Пусть говорят что хотят, чтобы выразиться покрасивее, цвет осенней листвы, пряничный, но эта девица – рыжая. Да, огненно-рыжая, адски рыжая, это первое, что поражает, когда глядишь на нее, даже раньше ее красоты – ее волосы, с которыми не может сравниться само солнце, полуденное солнце в самом разгаре лета.
Колдунья. Колдунья. Колдунья.
Нелепая мысль? О! Она долго казалась мне нелепой, мне тоже. Ты знаешь меня, Тома, я рациональна, у меня ко всему научный подход, на моем жалком уровне, конечно, я атеистка со времен уроков катехизиса, где на себе испытала чужую злобу. Я всегда была одна-одинешенька, сидела в своем углу, и никто со мной не говорил, из-за дома, из-за этого дома и его ставшей притчей во языцех дурной кармы. Возлюби ближнего своего как себя самого – хорошие слова, но я ничего такого там не видела, а только шайку маленьких шлюх, которые насмехались надо мной и не подпускали к себе. Все эти издевки, необоснованные слухи и эти грехи, которые мне, всегда такой благоразумной, покорной, всегда послушной, приходилось выдумывать для исповеди ради моей матери, иначе священник посчитал бы меня лгуньей. После первого причастия родители оставили меня с этим в покое, и я больше никогда не молилась, никогда не верила ни во что, кроме самой себя. Играя, я переворачивала распятие над кроватью моей матери, делая вид, будто я «сатанистка», а прежде чем выйти из комнаты, переворачивала его обратно; бедная мама, она не знала, иначе бы это ее убило. Но мне становилось хорошо от этого, понимаешь? В кои-то веки я совершала грех, который не приходилось выдумывать.

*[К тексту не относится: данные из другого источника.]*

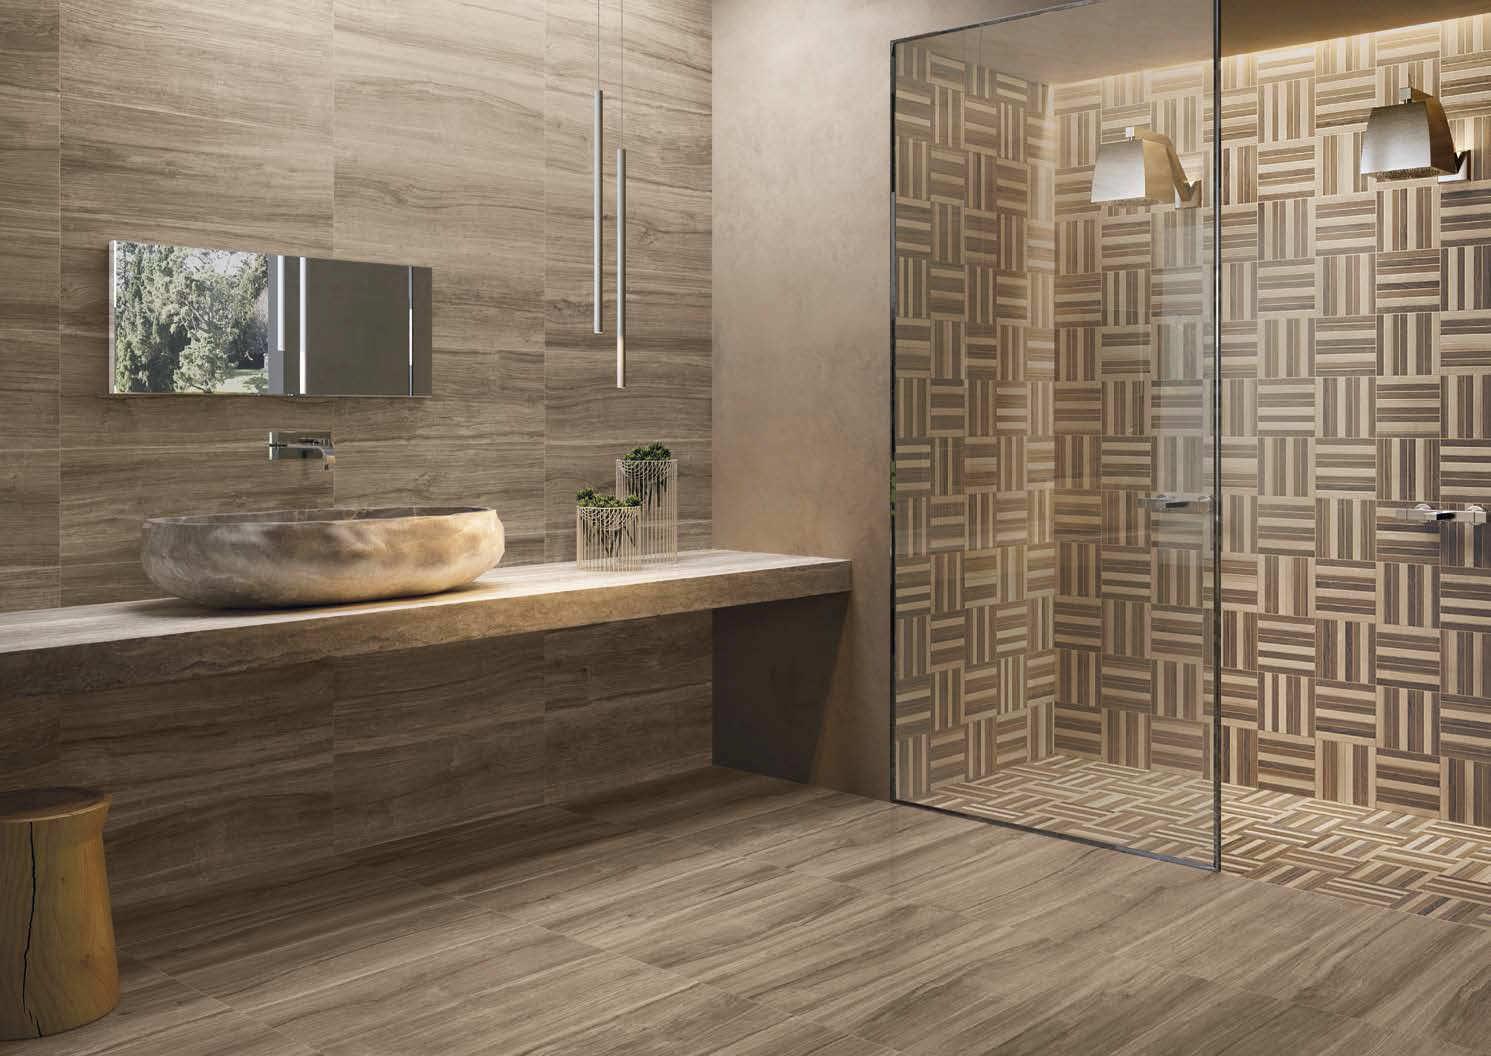 for Salle de bain avec carrelage imitation bois

Потом я выросла и совершенно забыла и Бога, и все остальное, ад и проклятие.
Погоди, звонок. Телефон звонит.
В девятнадцать тридцать. Твоя авария произошла около девятнадцати тридцати. Небо падает мне на голову.
Ведь я знала. Знала, Тома, потому что в девятнадцать тридцать, как раз перед тем, как зазвонили часы, на кухне появилась девчонка. Ее кожа была еще бледнее, чем обычно, сквозь нее просвечивала сетка вен, везде, на лице, в вырезе футболки, там, где начинается грудь. Она была уже не белой, а синей. Явилась с этим лицом, когда я разбирала почту. Я спросила, чего ей надо, проблемы с детьми? Она вроде хотела что-то сказать, открыла рот – даже ее губы потеряли цвет, – но не издала ни звука. Я все тверже настаивала: «Господи, Кристина, что творится?» Она тогда посмотрела на часы; как раз в тот миг прозвонило половину. И сказала: «Грас, прости, у меня дурное чувство». Я не поняла, продолжала спрашивать. «Дурное чувство насчет господина Тома. Будто с ним что-то случилось. Думаю, что-то плохое случилось с господином Тома».

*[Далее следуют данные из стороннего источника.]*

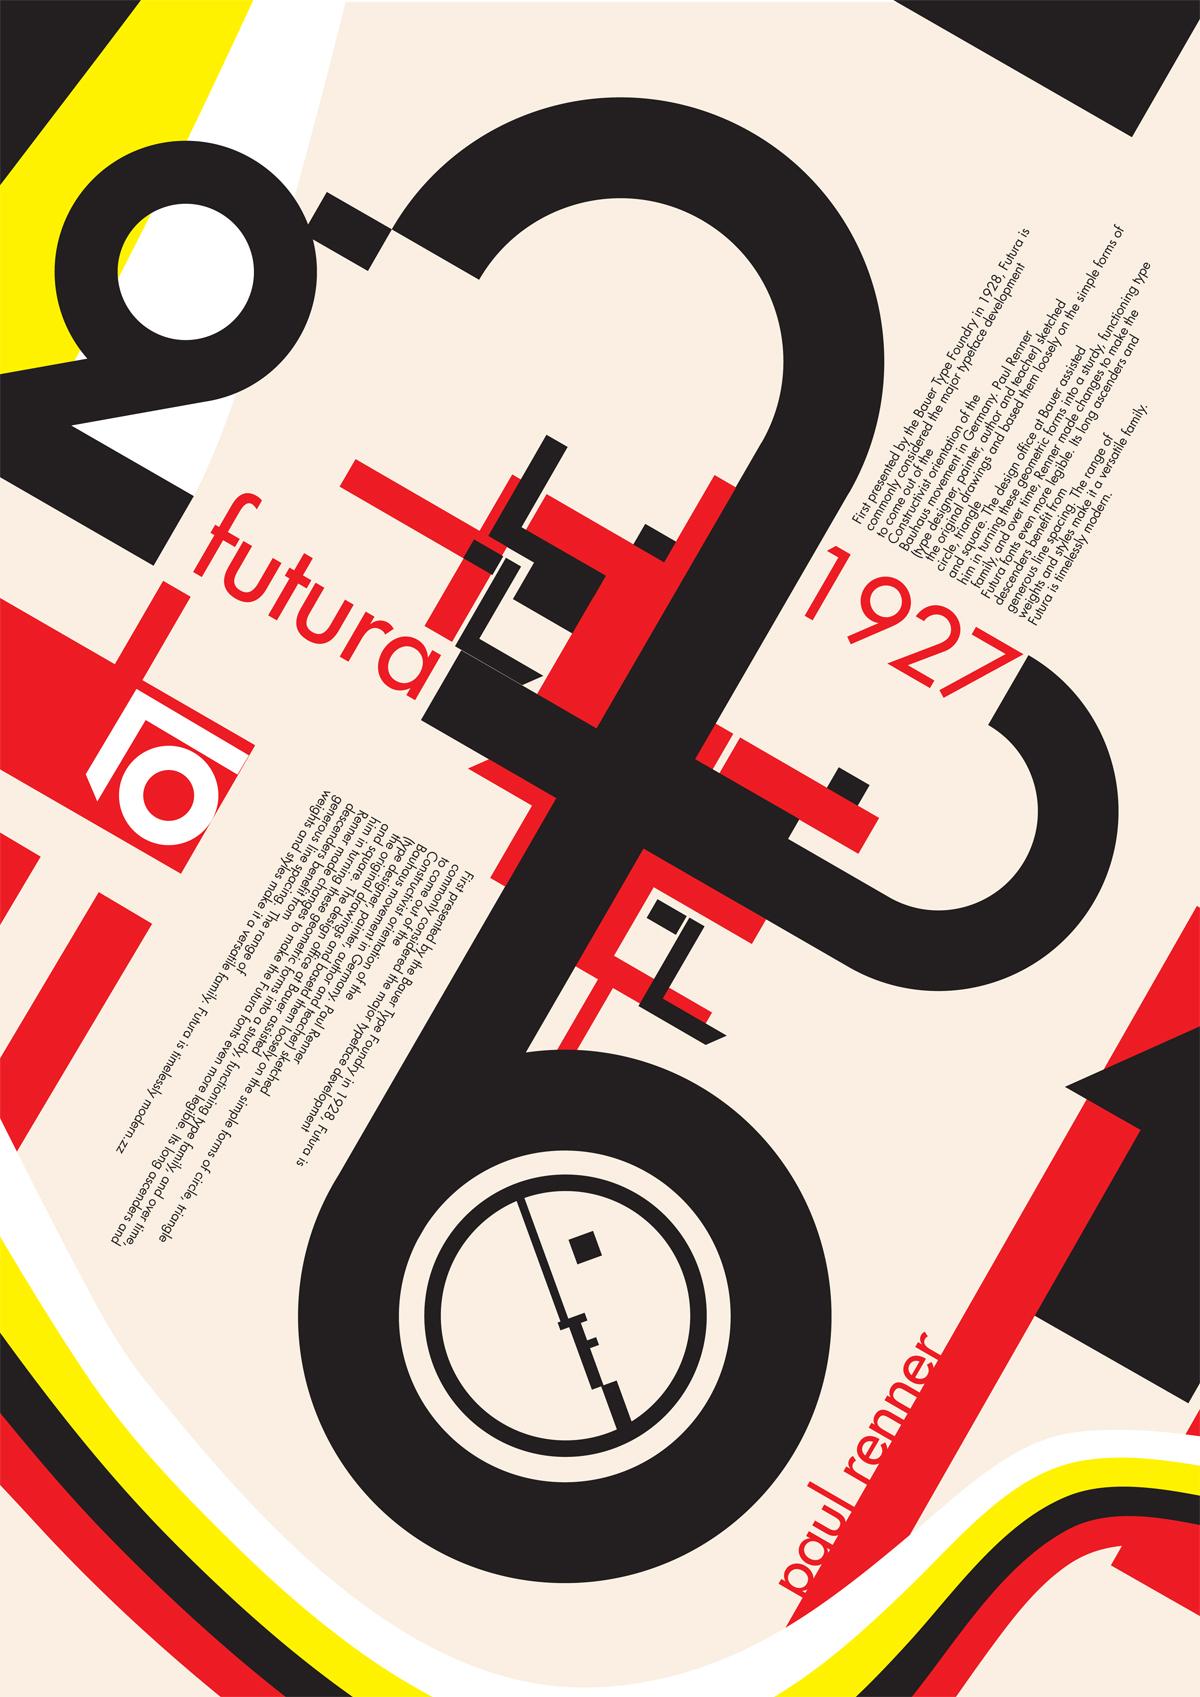 Futura Paul Renner 1927 by max-n0d3

Она так произнесла «господин Тома», что я взбесилась; уверяю тебя – словно субретка в эротическом фильме.
Разумеется, я пожала плечами. Отослала ее умыть Натана, сказав, что с тобой все в порядке, что ты вернешься через час или два, и было бы хорошо, если бы к этому времени дети уже легли. Она попыталась что-то возразить, но ничего не сказала, повернулась и ушла.
Так что осмелься теперь, господин Тома Батай.

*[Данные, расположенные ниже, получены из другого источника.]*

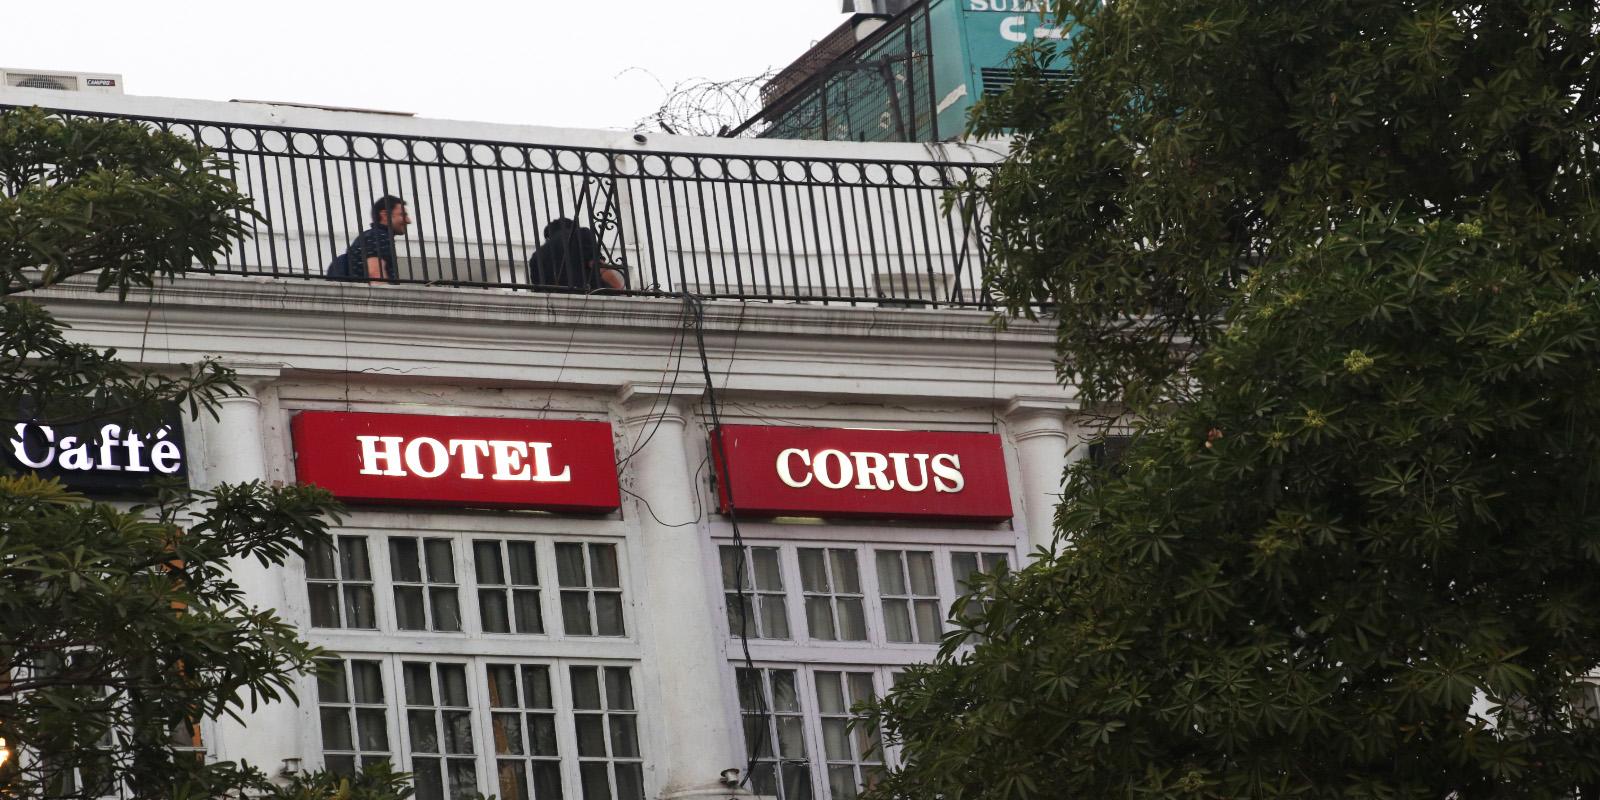 The Corus

Осмелься сказать мне, что она не та, кто я думаю.
* * *
Я думал, что сумею рассказать об одиночестве. Думал, что понимаю его, изучил со всех сторон тысячу раз, укротил, как взбесившегося коня, ставшего с течением времени лишь покорным ослом, над которым я насмехался и которого, что бы ни случилось, уже не буду бояться.
Я родился с чувством потери, покинутости, несправедливости. Я долго был напуган этим парадоксальным ощущением, скрытым, но постоянно присутствующим, – что я глубоко одинок и при этом за мной постоянно кто-то наблюдает. Это ощущение исчезло с твоим появлением, Кора, однажды вечером, в ноябре 2000 года; ты стала для меня большим сбоем в программе замедленного действия. Оно исчезло на четыре с лишним года.
Я знаю сегодня, что ты просто усыпила его поцелуем принцессы.
Потеряв тебя, я потерял все. За несколько минут я потерял все, абсолютно все.
В некотором смысле я умер, да, я познал смерть. Я все проиграл, а потом, почти одновременно, выиграл пару детей. Меня вынудили воскреснуть, сначала врачи – мы испробовали все, но было слишком поздно, она потеряла слишком много крови, у младенцев была задержка дыхания, надо было вывести их из этого состояния, иначе они бы умерли, тоже умерли, – а потом близнецы, создания всего по два кило каждый, вынудили меня жить. Что я мог со всем этим поделать, Кора? Что мог сделать для них?
Когда мы узнали, что у тебя будет двойня, ты обвинила в этом меня. Дескать, это из-за того, что я «юнец», потому и сперматозоиды у меня слишком прыткие, прямо олимпийские чемпионы, или какую-то другую глупость в этом же духе сказала. Это правда, у нас было около пяти лет разницы, тридцать три против двадцати восьми на тот момент, но я всегда чувствовал себя гораздо более зрелым, чем ты, моя красавица. Может, и тридцать три, хотя по большому счету ты выглядела на двадцать пять. Легко вообразить себе, какой ты была в детстве, незачем и на фото смотреть – тщедушная брюнеточка, челка ниже бровей, глазищи на пол-лица, пара глаз, нос и рот, – так я тебя описывал, всегда так и описываю, будто остальное в твоем лице по-настоящему не существовало, будто это костистое устройство не имело другой цели, кроме как поддерживать это – пару глаз, нос и рот, розовое, зеленое, и ничего вокруг.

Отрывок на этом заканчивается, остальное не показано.